The same goes for coding. I have coworkers who use it to generate entire PRs. They can crank out two thousand lines of code that includes tests "proving" that it works, but may or may not actually be nonsense, in minutes. And then some poor bastard like me has to spend half a day reviewing it.

When code is written by a human that I know and trust, I can assume that they at least made reasonable, if not always correct, decisions. I can't assume that with AI, so I have to scrutinize every single line. And when it inevitably turns out that the AI has come up with some ass-backwards architecture, the burden is on me to understand it and explain why it's wrong and how to fix it to the "developer" who hasn't bothered to even read his own PR.

I'm seriously considering proposing that if you use AI to generate a PR at my company, the story points get credited to the reviewer.

basch•16m ago
"Reasoning" needs to go back to the drawing board.
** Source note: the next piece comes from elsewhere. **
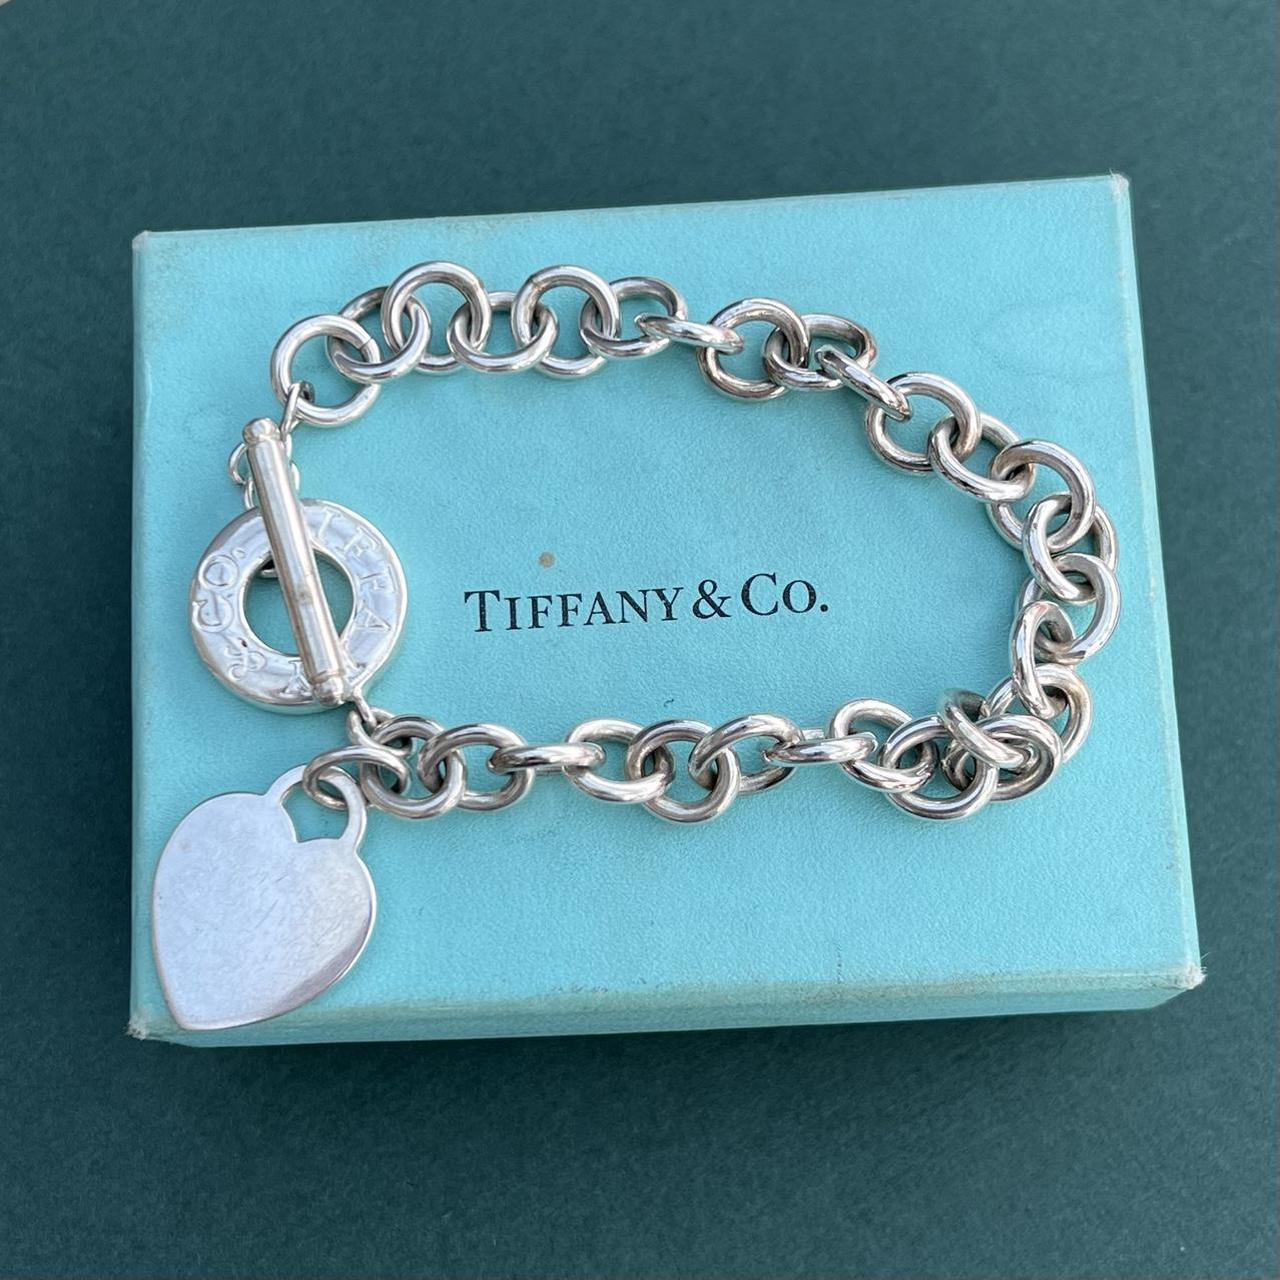 Tiffany & Co Bracelet Purchased off Vinted last... - Depop

Reasonable tasks need to be converted into formal logic, calculated and computed like a standard evaluation, and then translated back into english or language of choice.

LLMs are being used to think when really they should be the interpret and render steps with something more deterministic in the middle.
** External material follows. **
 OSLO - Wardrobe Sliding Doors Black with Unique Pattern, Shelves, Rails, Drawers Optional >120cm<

Translate -> Reason -> Store to Database. Rinse Repeat. Now the context can call from the database of facts.

baal80spam•1h ago
dupe: https://news.ycombinator.com/item?id=47283337
dang•44m ago
Thanks! I'll merge the threads when I'm not on my phone.
seanmcdirmid•1h ago
Ok, I’ll bite: how is that different from humans?
strken•1h ago
Human behaviour is goal-directed because humans have executive function. When you turn off executive function by going to sleep, your brain will spit out dreams. Dream logic is famous for being plausible but unhinged.

I have the feeling that LLMs are effectively running on dream logic, and everything we've done to make them reason properly is insufficient to bring them up to human level.

whoamii•1h ago
Some of my best code comes from my dreams though.
satvikpendem•1h ago
A prompt for an LLM is also a goal direction and it'll produce code towards that goal. In the end, it's the human directing it, and the AI is a tool whose code needs review, same as it always has been.
basch•11m ago
Id argue humans have some sort of parallelness going on that machines dont yet. Thoughts happening at multiple abstraction levels simultaneously. As I am doing something, I am also running the continuous improvement cycle in my head, at all four steps concurrently. Is this working, is this the right direction, does this validate?

You could build layers and layers of LLMs watching the output of each others thoughts and offering different commentary as they go, folding all the thoughts back together at the end. Currently, a group of agents acts more like a discussion than something somewhat omnipotent or omnitemporal.

spiderfarmer•1h ago
And yet LLM’s are incredibly useful as they are right now.
nemo44x•1h ago
LLMs are literally goal machines. It’s all they do. So it’s important that you input specific goals for them to work towards. It’s also why logically you want to break the problem into many small problems with concrete goals.
andai•1h ago
Do you only mean instruct-tuned LLMs? Or the base (pretrained) model too?
nemo44x•2m ago
The entire system and the agent loop allows for more complex goal resolution. The LLM models language (obviously) and language is goal oriented so it models goal oriented language. It’s an emergent feature of the system.
tsunamifury•1h ago
It’s amazing how much you get wrong here. As LLM attention layers are stacked goal functions.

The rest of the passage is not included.